3,4-Benzopyrene (Bap) is an important component of cigarette smoke and automobile exhaust. Bap is one of the leading risk factor of abdominal aortic aneurysm (AAA). Macrophage activation plays a key role for Bap-induced AAA; however, the mechanism is unclear. Y. Zhou et al. used a mouse lncRNAs array to investigate the expression signatures of lncRNAs and mRNAs in Bap-activated macrophage. They found that 8 pathways associated with inflammation were upregulated, particularly, the AGE-RAGE pathway, which is involved in Bap-induced dysfunction of endothelial progenitor cell (EPC). This study provides potential targets for AAA caused by smoking.

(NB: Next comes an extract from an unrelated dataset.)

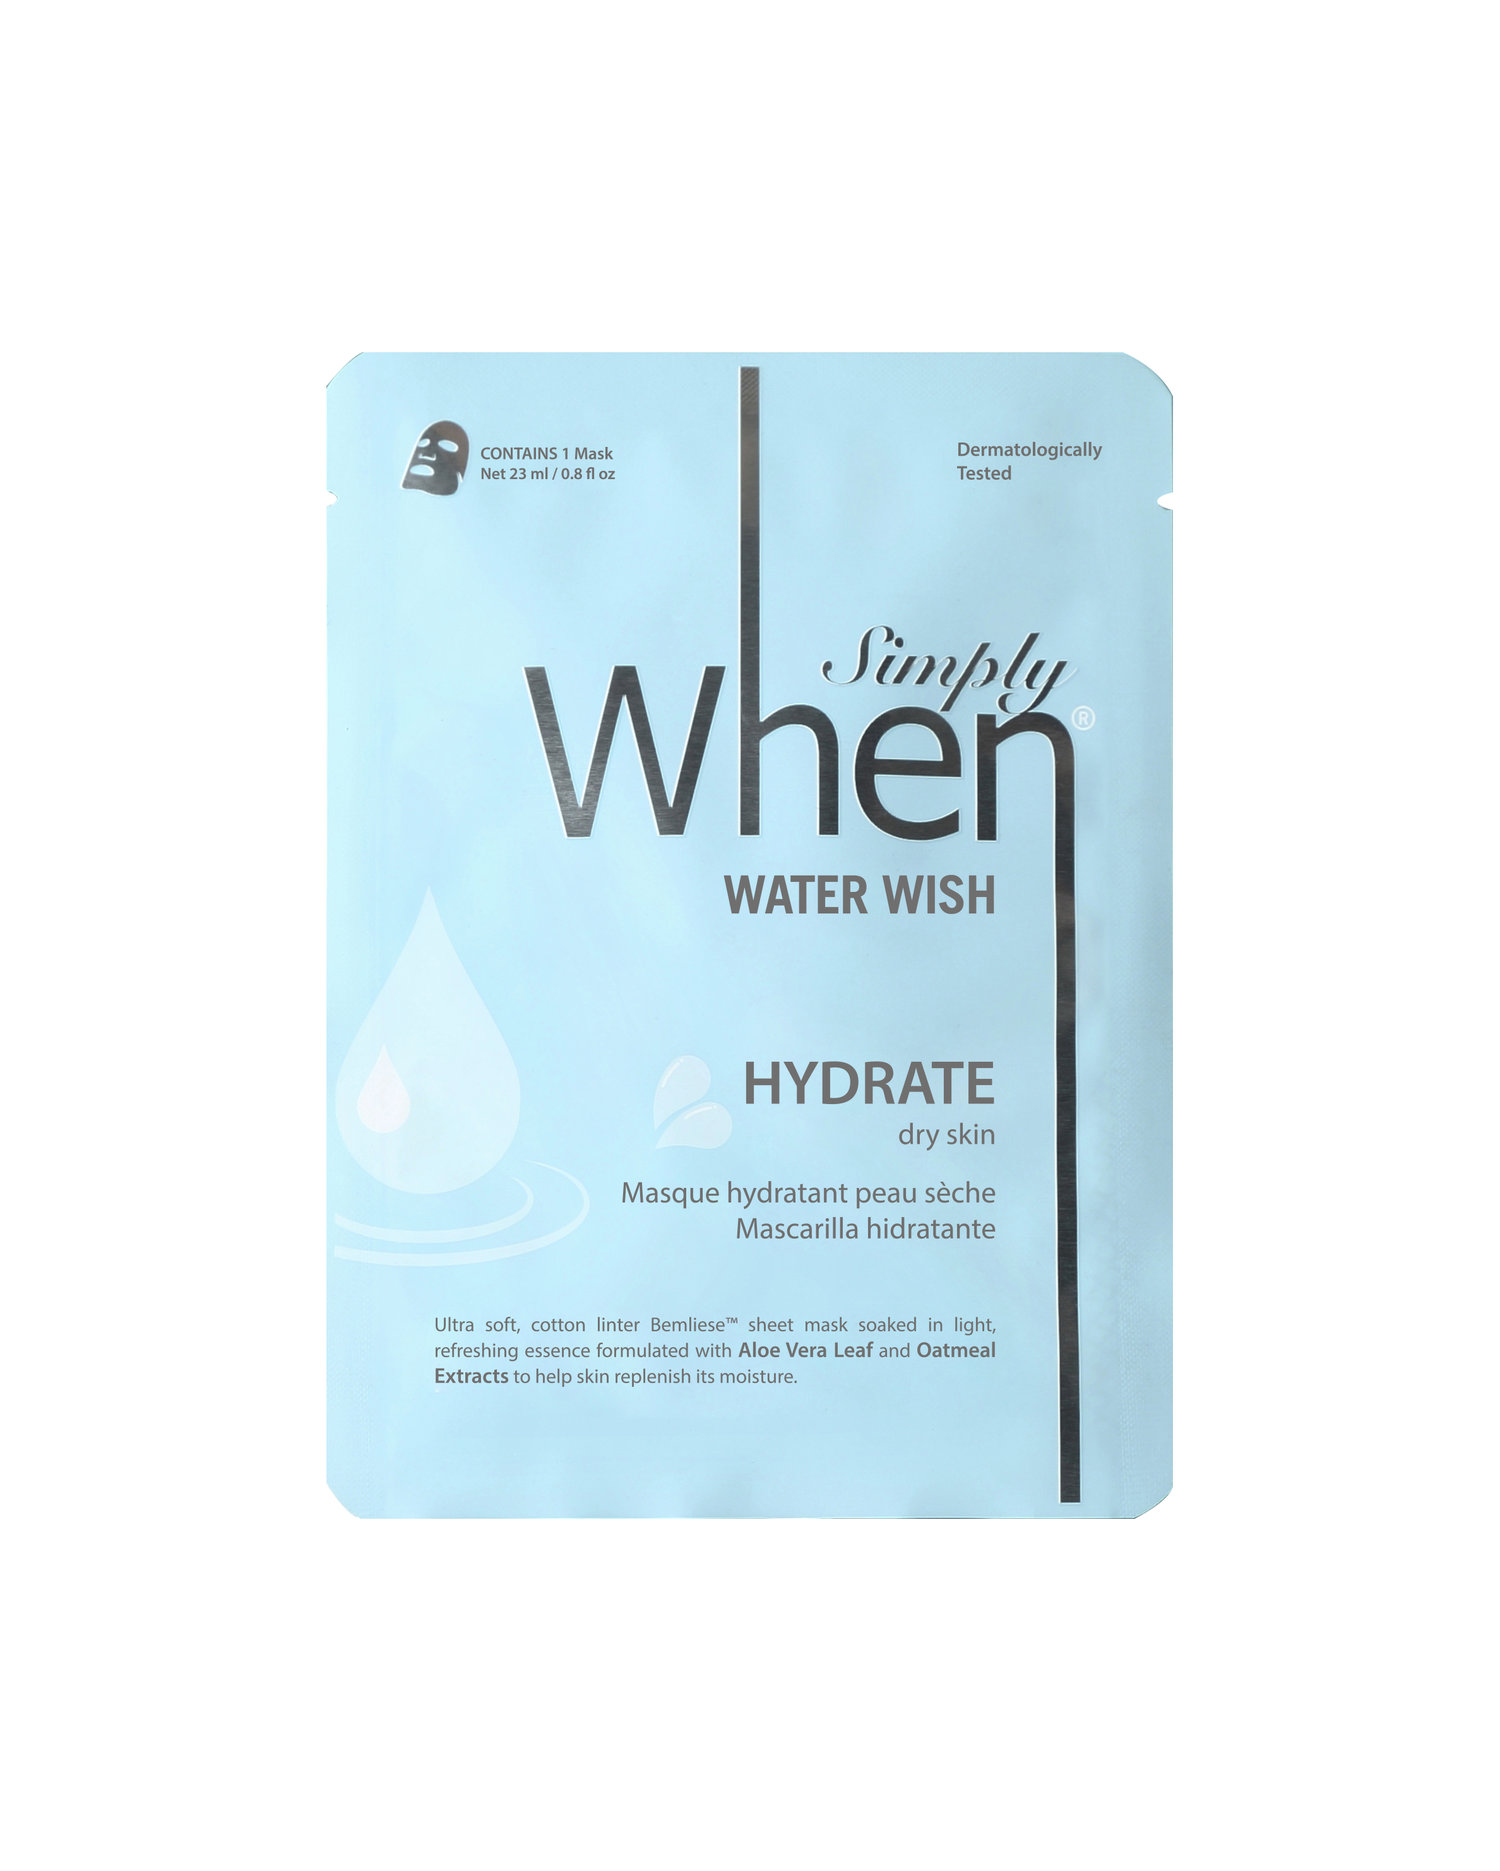 Sudan hypocrisy Tweet Masca coreeana hidratanta pentru ten uscat, Water Wish, 23 ml, Simply When  — BioCart

Endothelial dysfunction is an early step in neointima formation, L. Lv et al. used RNA-sequencing (RNA-seq) to analyze the expression profiles of lncRNAs in human stenosed and nonstenotic uremic veins. They identified unannotated lncRNAs, uc001pwg.1, which was one of the most significantly downregulated lncRNAs. Further studies revealed that uc001pwg.1 overexpression could increase nitric oxide synthase (eNOS) phosphorylation and nitric oxide (NO) production in endothelial cells (ECs). Mechanistically, uc001pwg.1 improves endothelial function via mediating MCAM expression. This study represents the first effort of identifying a novel attractive target for improving arteriovenous fistula (AVF) function in uremic patients.